The second bucket of work involves building out a sustainability platform for its members. This platform has three core ingredients: FloorScore for indoor air quality; NSF 332, which allows manufacturers to certify product multi-attribute sustainability factors; and Environmental Product Declarations, which help people understand the environmental impacts of all products.

The third bucket of work is supporting business initiatives for its manufacturer members. Banking reform is just one example. “In the housing sector we knew there were serious constraints for available mortgage money,” Thompson said.

To that end, RFCI created a strategic engagement with a broad number of organizations, such as the National Association of Manufacturers, the American Chemistry Council, the Vinyl Institute, the Flexible Vinyl Alliance, the U.S. Chamber of Commerce, etc., to provide support for the 2018 Financial Regulatory Reform Act that Congress passed.

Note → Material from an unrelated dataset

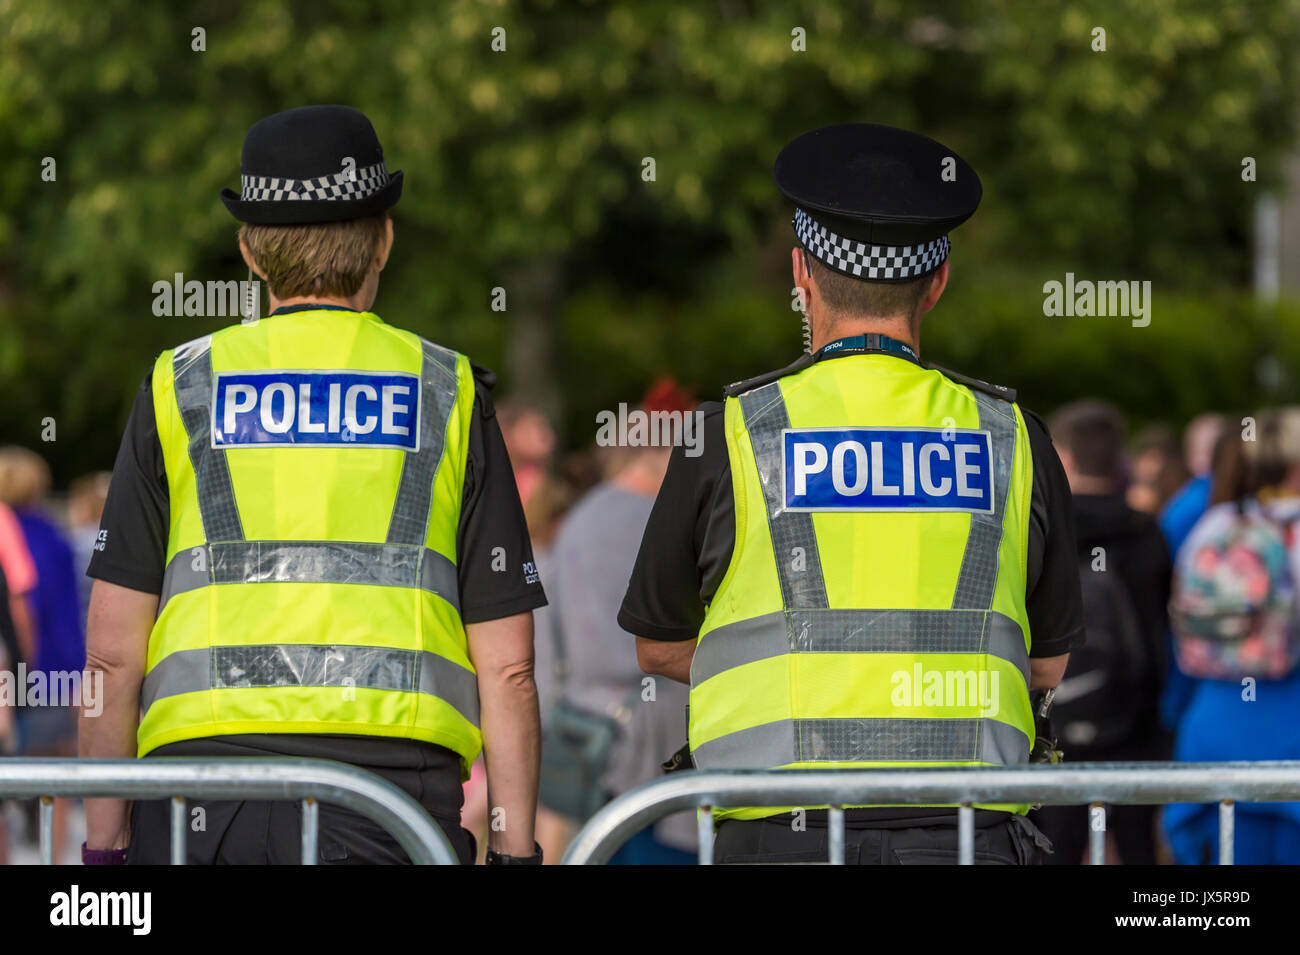 Dumfries, Scotland - August 12, 2017: Police Scotland officers on duty at a youth music festival. Stock Photo

While RFCI historically tackles the major issues facing the industry, one issue in which the RFCI will not get involved in is tariffs, as the association includes both importers and domestic manufacturers. “RFCI represents over 95% of all resilient flooring that is manufactured and marketed throughout North America,” Thompson said. “We have members within RFCI that have different positions on the tariffs. People who have invested heavily in domestic capacity are in favor of tariffs, and those whose businesses are largely import do not support tariffs. For this reason, RFCI as an organization cannot take a position, and these type of situations are not unusual for trade organizations with a broad and diverse membership.”

The installation crisis
A key flooring industry issue that has been highlighted over the past several years is the looming shortage of quality flooring installers. RFCI was a key contributor and participant in the recently completed installation study conducted by the Floor Covering Leadership Council (FCLC), designed to not only create a common platform for understanding the scope and breadth of the problem, but also to determine some of the barriers and potential solutions. “We did not say our project would solve the problem, but rather serve to inform potential solutions,” Thompson said.

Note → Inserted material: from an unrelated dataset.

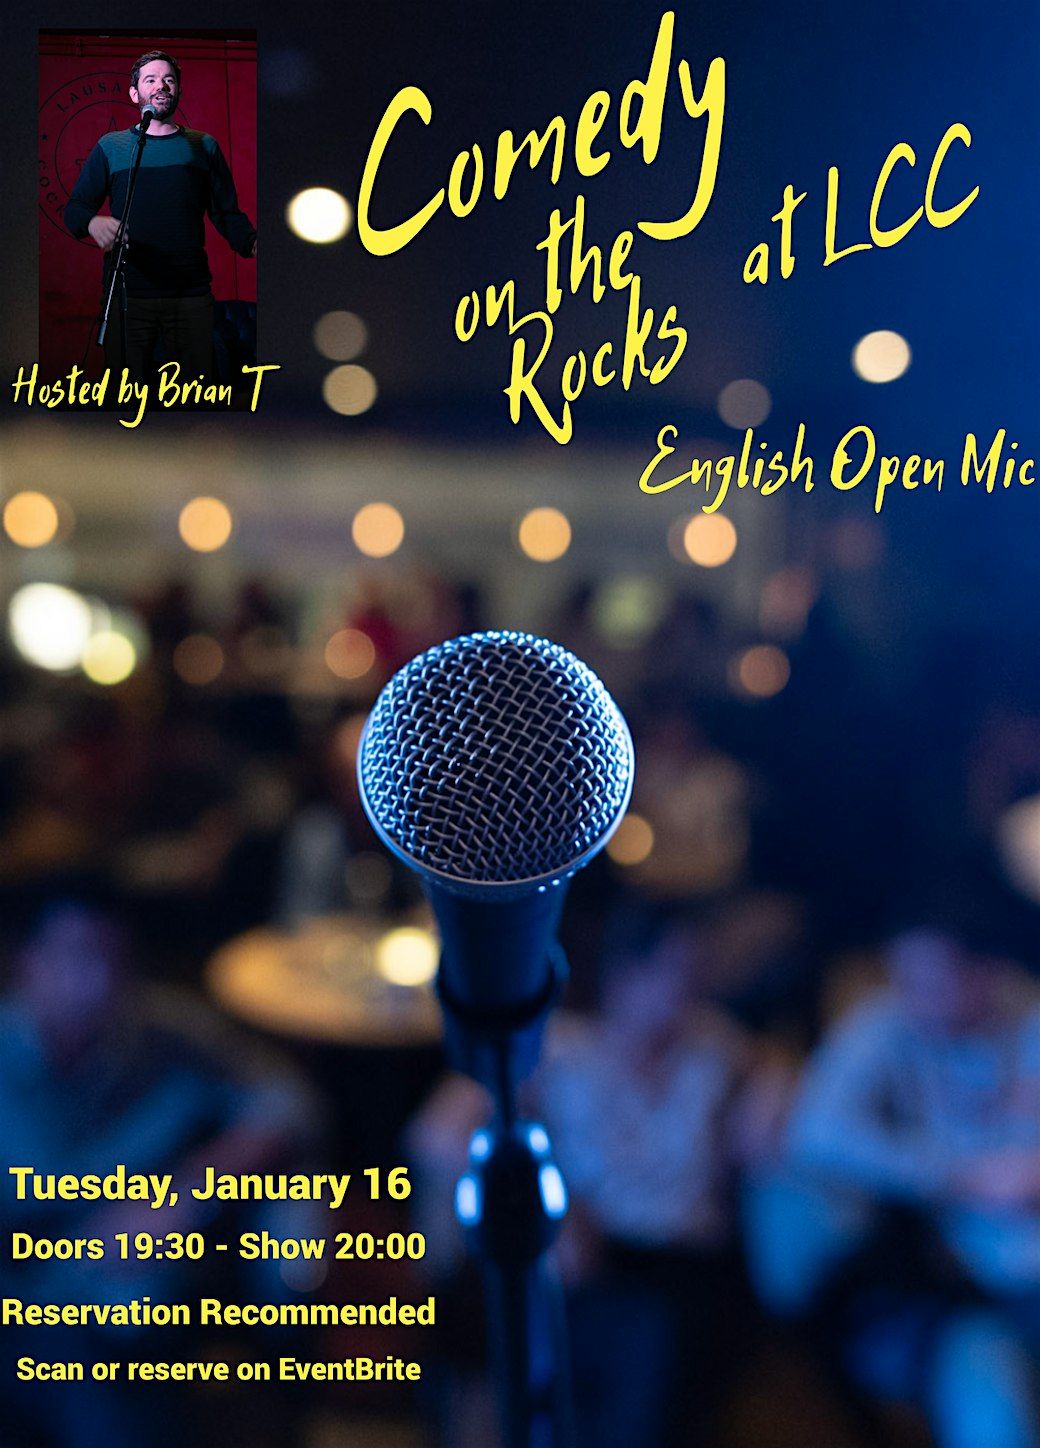 Comedy on the Rocks: English Open Mic

He acknowledged that the research revealed the lack of qualified installers today and more so down the road as a serious problem, both for people who have direct employees and those who engage subcontractors. “The one thing that is pretty clear is the recruitment process will require new thinking and approaches. The historical pathway for installation employees has been family-based where a father had a son who learned the business. That flow of new installers is diminishing rapidly.”

Another important dynamic is this problem doesn’t exist in a vacuum. “If you look across the trades, whether it’s plumbers, heating and air conditioning, flooring installers, carpenters, framers across the board, there is a shortage of that broad category of trades people. Consequently, you have more people competing for skilled resources, which makes recruiting even more of a challenge.

“Another key factor is the millennials, and how we address this major portion of the labor pool. Their whole thought process about working and jobs is different. They’re not thinking about the trades necessarily.”